Our genomes evolve not only via point mutations (where one base changes into another base) but also via insertions and deletions. That is the addition or removal of bases. Collectively insertions and deletions are known as “indels”. Now several studies over the last fifteen years have found that the size of insertions and deletions follows a power law, i.e. a log-log plot of size versus frequency is linear. However, this observation has had little impact on bioinformatics for various reasons. Now why is this observation important? For starters, several scientists have proposed that sequences should be aligned using logarithmic gap costs (wk=a + b k + c ln k) instead of the standard affine gap costs (wk=a + b k).

Because in my first chapter I created a sequence simulation program, Dawg, that could simulate evolution using a power law of indel sizes, I felt that it was important to test this suggestion out. Specifically, whether the slowness of algorithms using logarithmic gap costs are offset by their improved accuracy. So that is exactly what I did for my second chapter, and the results were surprising.

Before I could begin testing logarithmic gap costs, I needed get a dataset of aligned sequences. So, using Dawg I generated 10,000 independent pairwise alignments using the following template.

Model = "JC"
Lambda = 0.15
GapModel = "PL"
GapParams = {1.5, 1000}
Length = 1000
Tree = (A:${BranchLength}):B;

In this template, BranchLength is a random variable drawn from an exponential distribution with mean of 0.2. I was thus able to average across a set of branch lengths that were consistent with the process of evolution.

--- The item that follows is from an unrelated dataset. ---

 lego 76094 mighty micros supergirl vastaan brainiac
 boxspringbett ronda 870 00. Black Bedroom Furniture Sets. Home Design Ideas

Once I had these sequence pairs, I then aligned them using another tool that I had written, Ngila, which is the only tool out there capable of doing global alignments using logarithmic gap costs. (I am currently revising my Ngila paper after the first round of reviews.) After a couple of test runs, I decided to align each sequence pair 512 different ways, under the following setup.

Match Cost = 0
Mismatch Cost = 1
Gap of size k Cost = a+b*k+c*log(k)
{a,b,c} = {0, 0.125, 0.25, 0.5, 1, 2, 4, 8}

Once Ngila had found the best alignment for each pair using each of the 512 different gap costs, I calculated how accurate each of Ngila’s hypothesized alignments were to the real alignments given by Dawg. (See the paper for an explanation of my accuracy metric.) After about two weeks of running the alignments on my multiprocesser workstation, I had 5.12 million data points that I could use to determine how much better logarithmic gap cost are than affine gap costs.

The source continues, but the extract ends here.